Abby adoraba su pequeño hogar. Contaba con dos dormitorios, cada uno con su propio baño, una pequeña sala de estar y una combinación de comedor y cocina. La sala de estar estaba dominada por una chimenea enorme, y ambos dormitorios incluían unas pequeñas estufas de pellets para los fríos meses de invierno. Por suerte el verano se había adelantado, así que, a excepción de alguna noche fresca, no le haría falta usar ni las estufas ni la chimenea. Las ventanas del salón y la cocina eran amplias, dejando pasar la luz natural a espuertas.
Su abuelo había sido dueño de un negocio relacionado con la música en Los Ángeles, y su abuela escribía canciones; ambos habían contado con un talento excepcional. Habían creído que mudarse a las montañas ayudaría a la madre de Abby a recuperarse de su caída en las drogas.
Por desgracia, en lugar de eso su madre había huido, y había acabado quedándose embarazada de ella con solo diecisiete años. Abby misma tenía apenas un mes cuando su madre volvió a desaparecer, y dos años más tarde la encontraron muerta por sobredosis junto a su novio de aquel momento. Los abuelos de Abby habían quedado devastados por la muerte de su única hija, y habían hecho todo lo posible para asegurarse de que Abby nunca cayera en aquella clase de vida.
Abby había heredado la personalidad amble y el amor por el arte de su abuela. Esta había usado todo su tiempo en las montañas para escribir canciones, y había aprendido por sí sola cómo soplar vidrio. Su abuelo había adoptado aquel entretenimiento al cabo de poco, y acabó convirtiéndose en un negocio más gracias a la ayuda de Internet. En los últimos seis años Abby se había hecho un nombre a nivel internacional con sus preciosas creaciones.

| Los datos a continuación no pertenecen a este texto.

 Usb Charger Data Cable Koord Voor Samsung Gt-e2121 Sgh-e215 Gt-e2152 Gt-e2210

Edna y Abby pasaron la siguiente media hora poniéndose al día sobre la familia de la primera, que vivía en Sacramento, y sobre los contratos que tenía la segunda con diferentes museos que deseaban exponer su obra. Bo se contentó con tumbarse sobre la alfombra, frente a la chimenea, observando su pelota de tenis.

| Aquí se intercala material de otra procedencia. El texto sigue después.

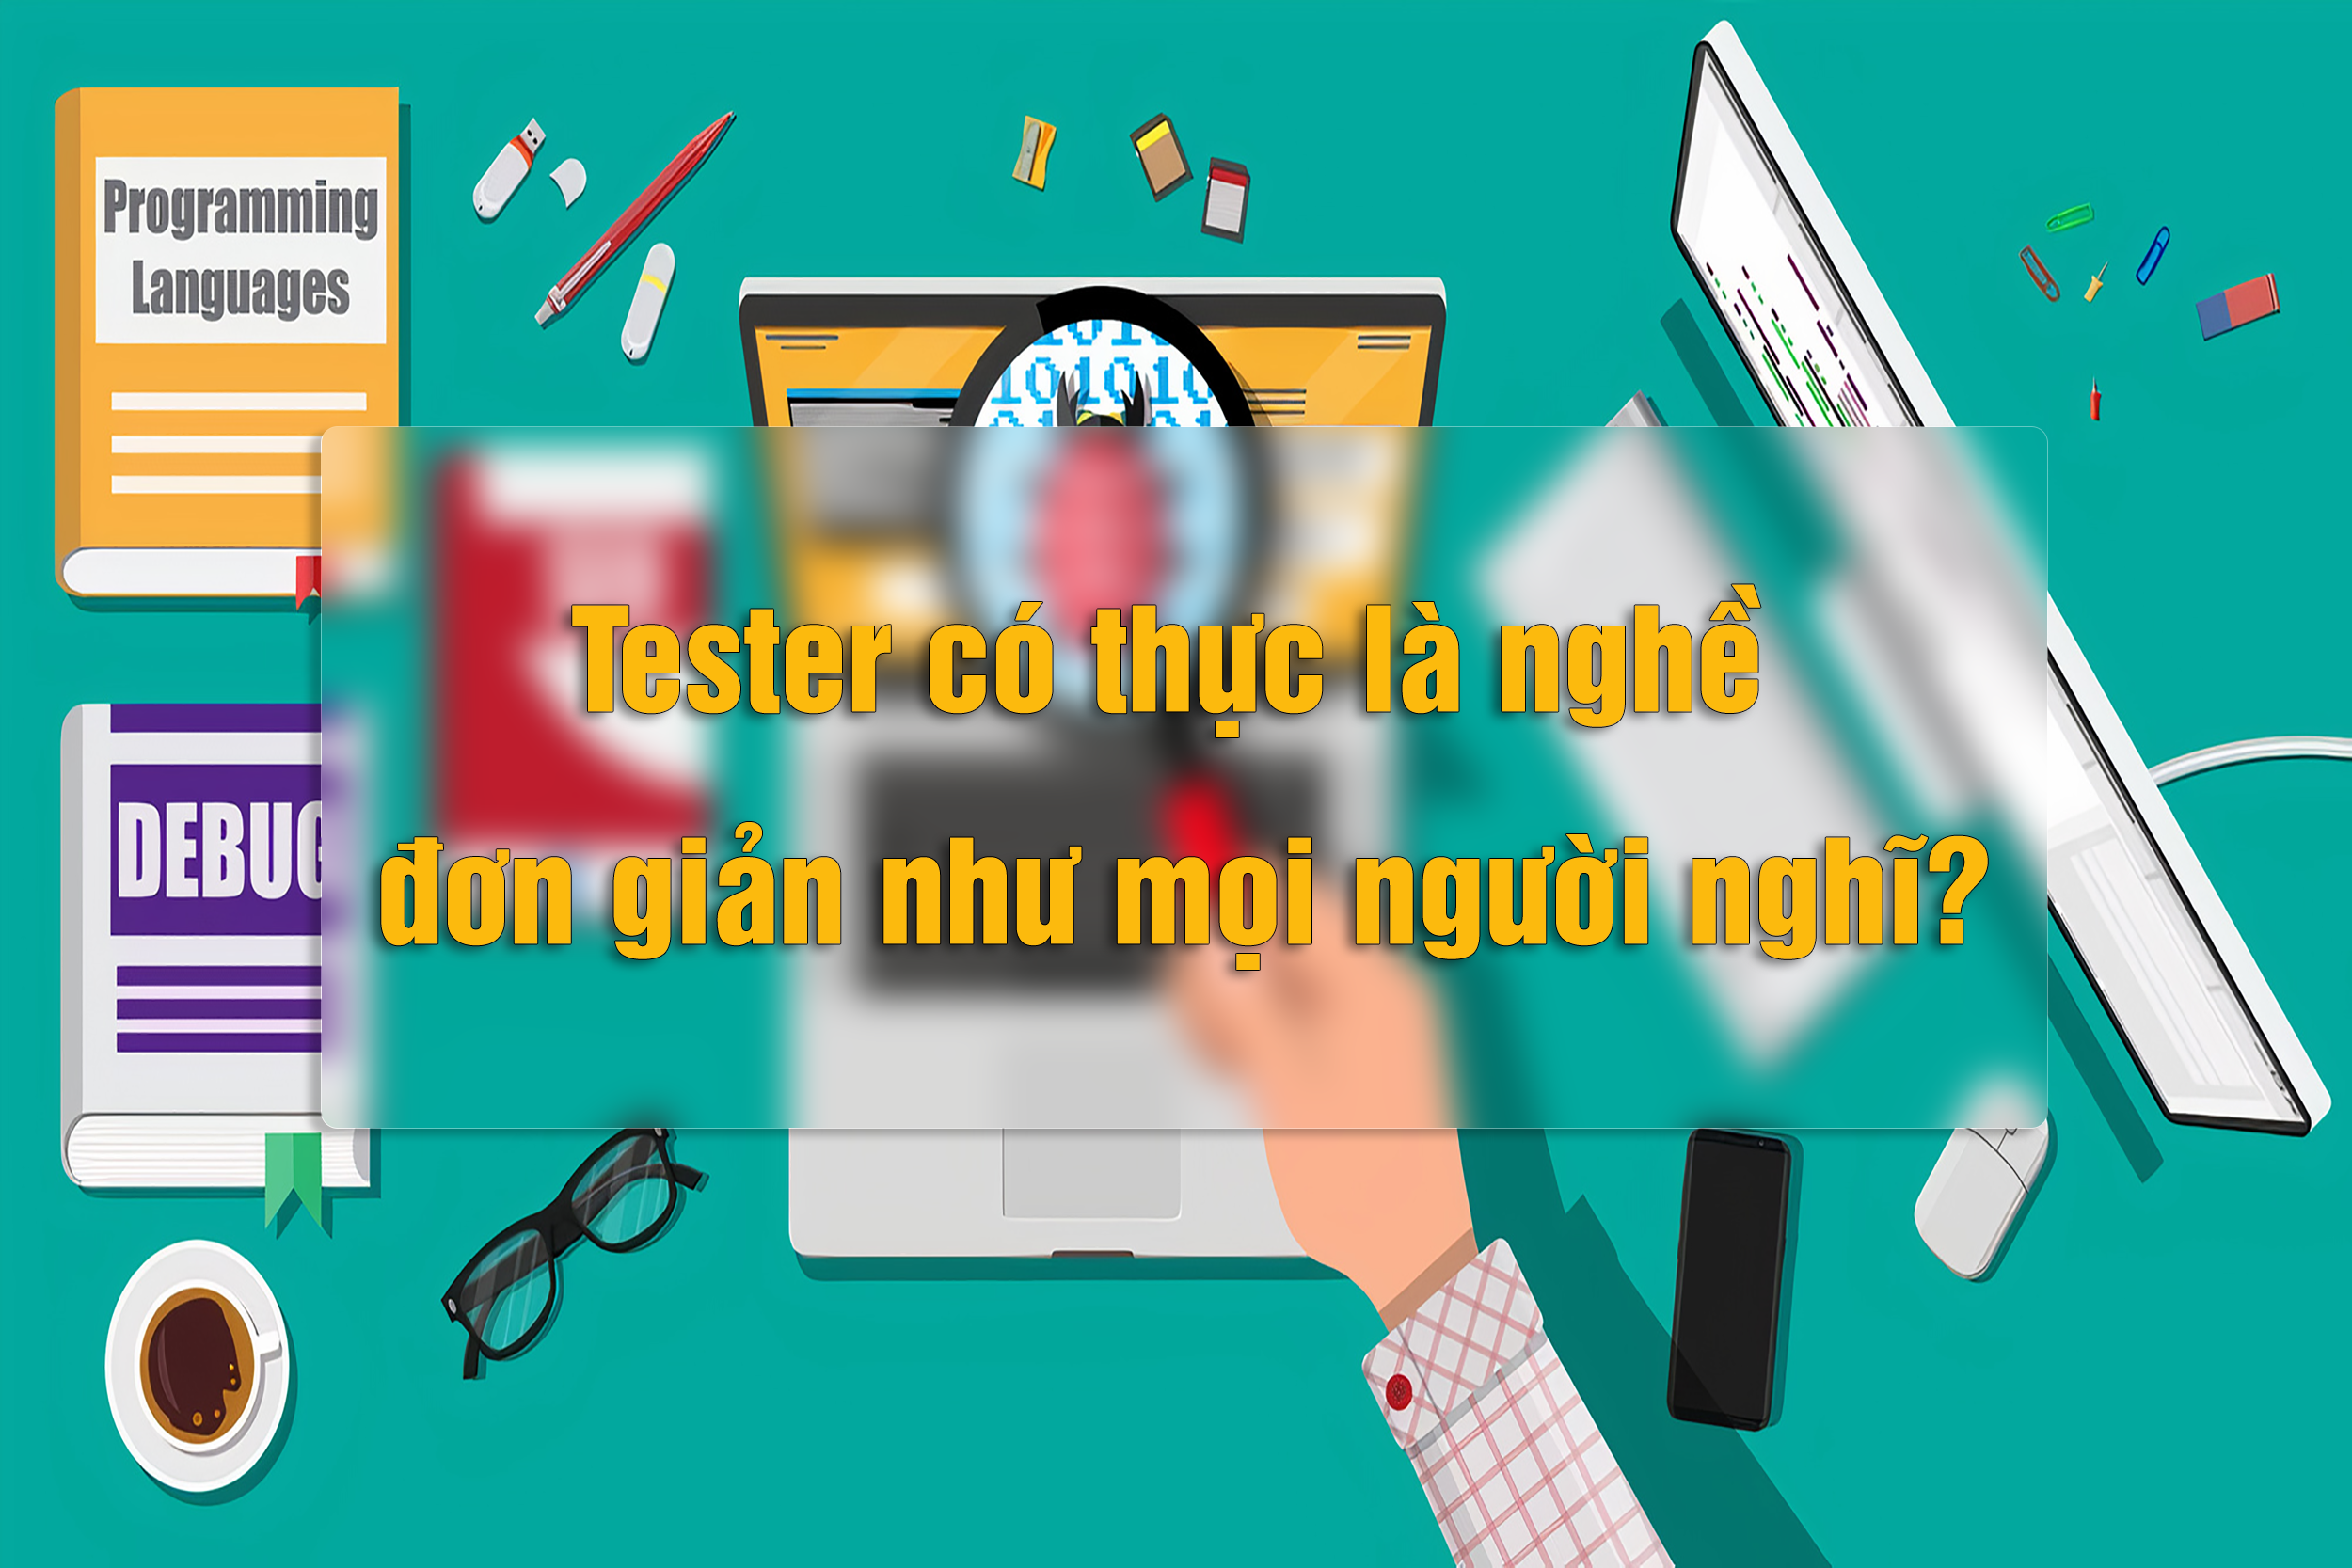 https://www.techlead.vn/wp-content/uploads/2022/03/4-1.png

Al cabo de poco Abby se encontró mirando cómo desaparecía la luz de los faros traseros de la camioneta de Edna según se alejaba por el empinado sendero que llevaba a su hogar. Llamó a Bo para que volviera cuando este intentó seguir la camioneta, y se rio cuando el perro empezó a correr de un lado a otro, intentando decidir con quién quería quedarse. Solo hizo falta la promesa de algo de comida para conseguir que volviera a subir corriendo los escalones de la cabaña y se adentrase en su cálido interior.